It’s been hard to see the funny side, for example, of my beloved youngest sister’s life-and-death struggle with cancer, or my dear wife’s impending spinal surgery.

But my sister’s unquenchable sense of humour has not only helped her come smiling through two major operations, but also keep her surgeon and nurses in stitches during her time in hospital, and even dispel the gloom I would otherwise feel at the one-to-five-year prognosis she’s recently been given.

And my wife’s incredible capacity for generous, not to say gila, good cheer and ceaseless care for others despite her killing work and study schedules help me feel far more light-hearted than I otherwise would about her forthcoming surgical ordeal.

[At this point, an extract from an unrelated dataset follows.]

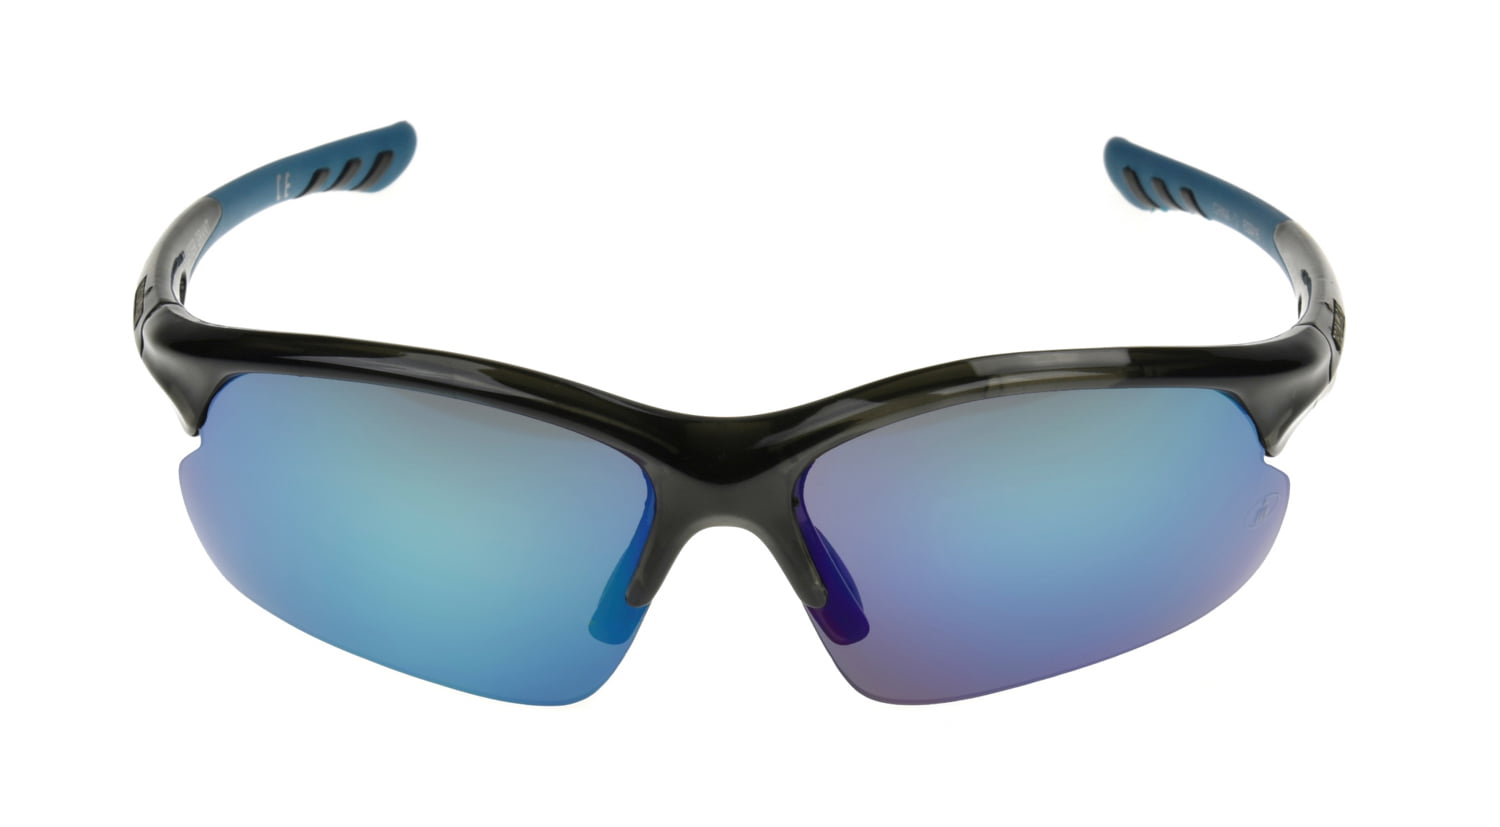 IRONMAN Men's Gray Mirrored Blade Sunglasses QQ04 - Walmart.com

I am more uncharacteristically light-hearted, too, about my own increasingly urgent intimations of mortality. So much so that, when a thoracic surgeon recently told me that chest scans revealed a lesion that looked alarmingly likely lung cancer, I found myself feeling not so much devastated by the news, as wryly amused.

After all, I couldn’t help thinking, after smoking cigarettes for 55 years despite knowing full well the dangers of doing so, I could hardly deny that the joke was on me.

More tests, however, showed that I was still in the clear, lung cancerwise, and thus could revert to my customary state of growing anxiety that at my age I’m certain of dying of something or other, if not cancer, and increasingly sooner rather than later....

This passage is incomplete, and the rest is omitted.